REQUIRED WORK: All the data should be repeated exactly. Any image in it is left out.

GIVEN DATA:
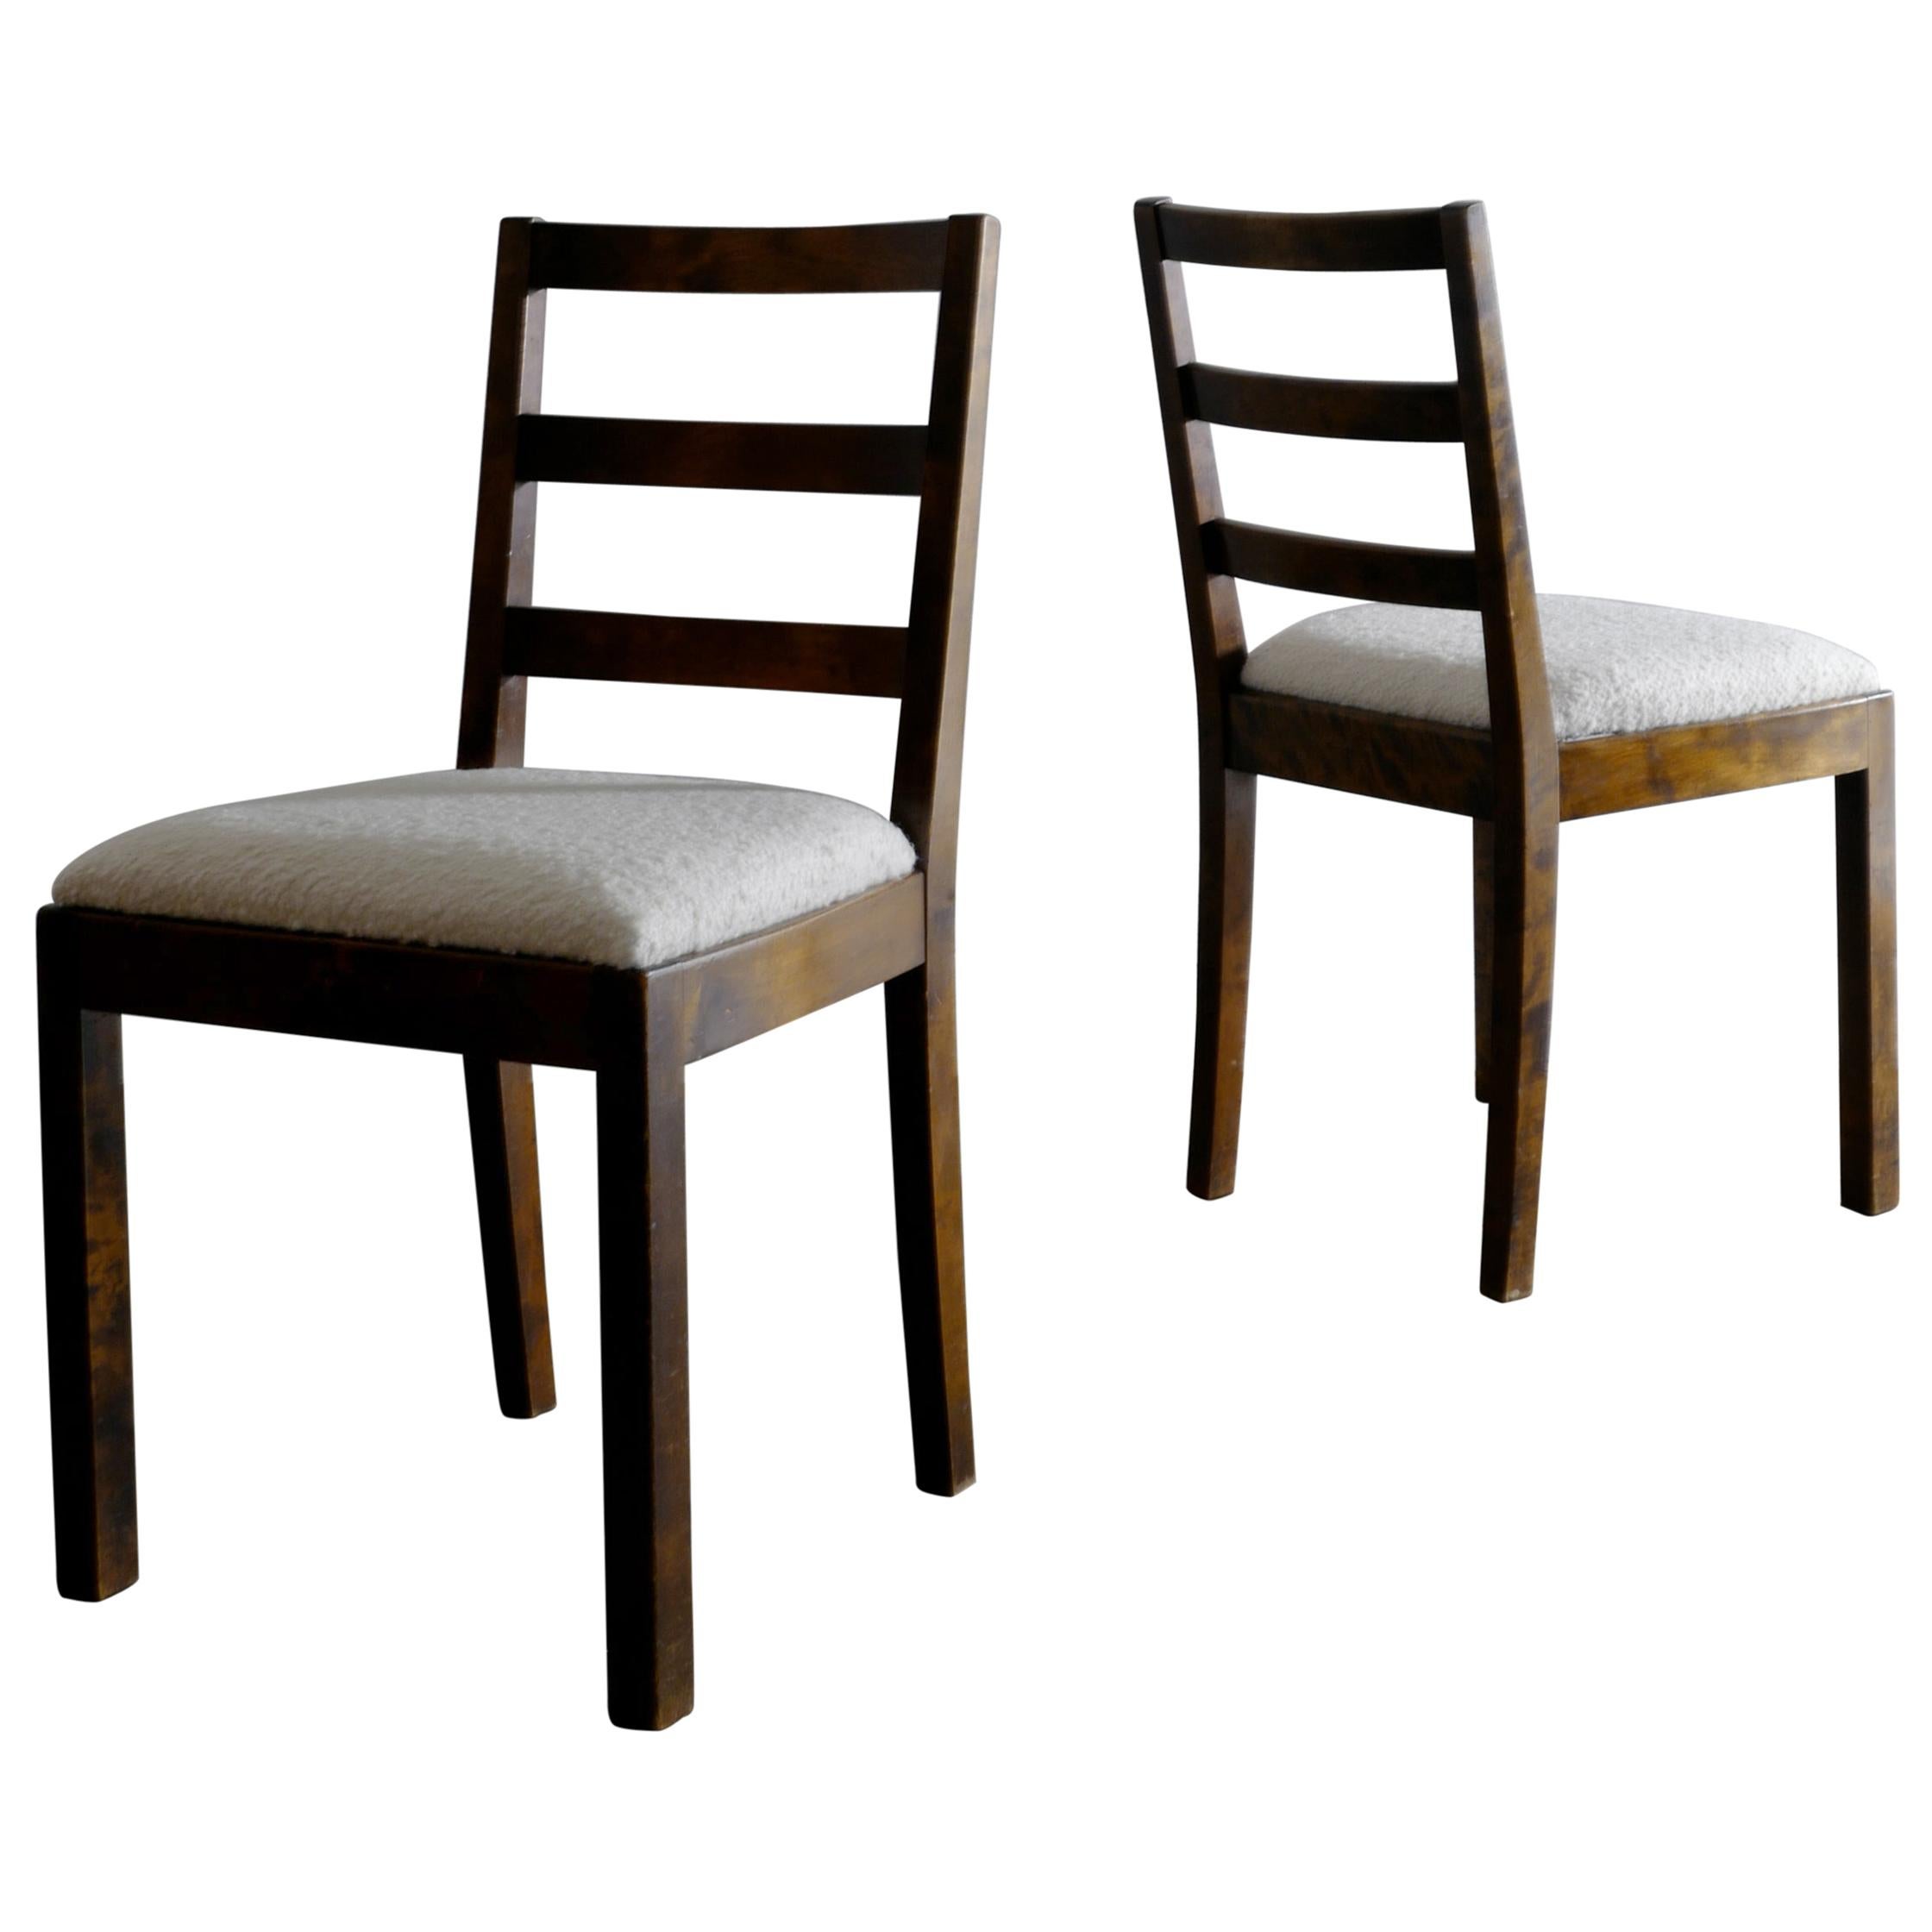 Pair of Axel Einar Hjorth "Typenko" Chairs for Nordiska Kompaniet, Sweden, 1930s
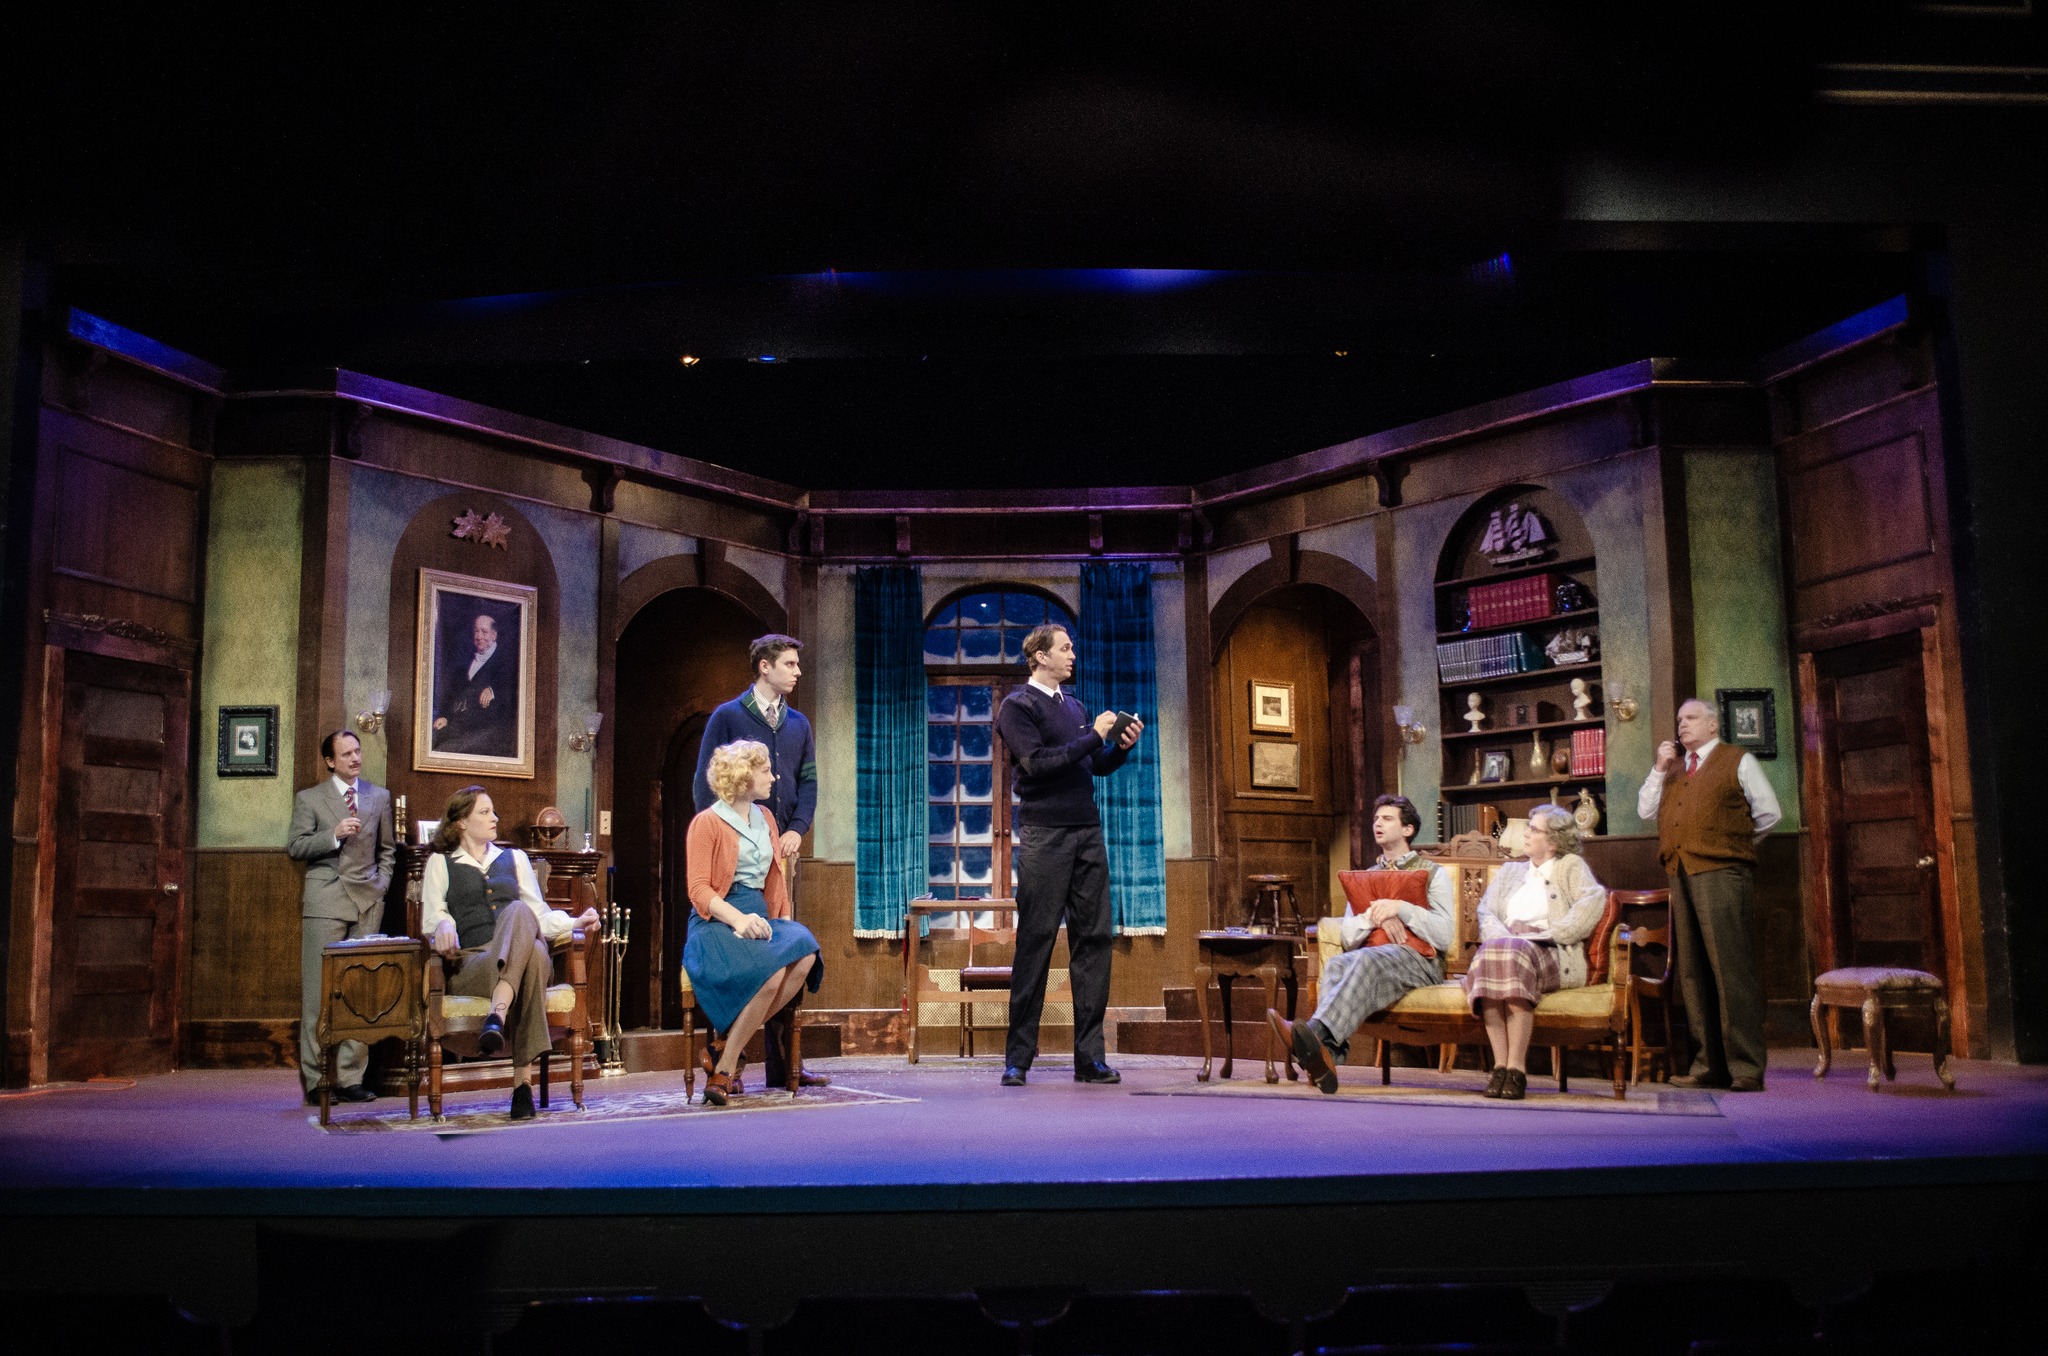 Western Carolina University - Agatha Christie play 'The Mousetrap
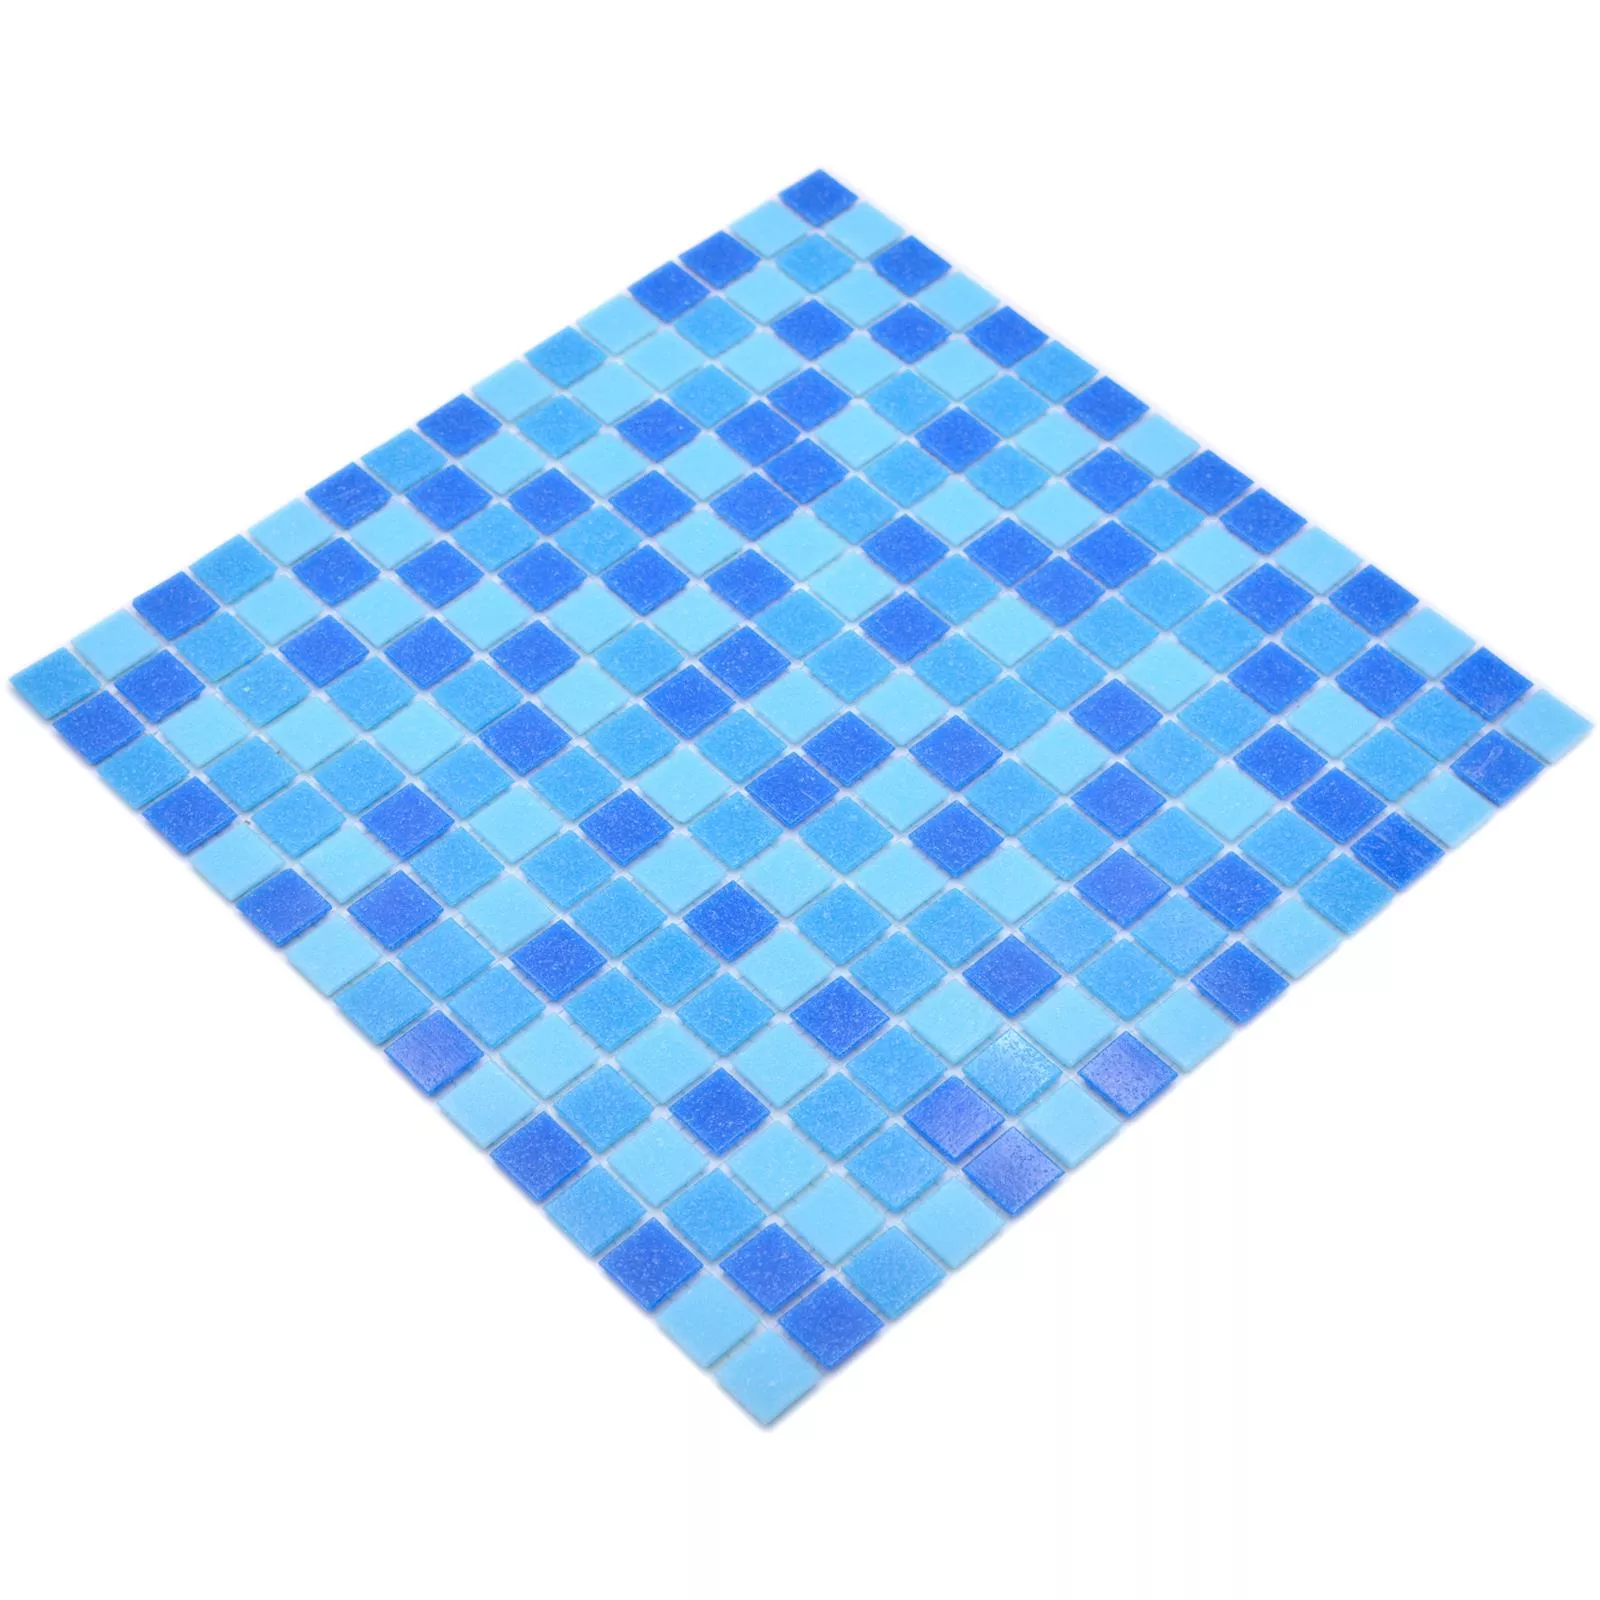 Schwimmbad Pool Mosaik North Sea Blau Türkis Mix

RESPONSE:
 Pair of Axel Einar Hjorth "Typenko" Chairs for Nordiska Kompaniet, Sweden, 1930s
 Western Carolina University - Agatha Christie play 'The Mousetrap
 Schwimmbad Pool Mosaik North Sea Blau Türkis Mix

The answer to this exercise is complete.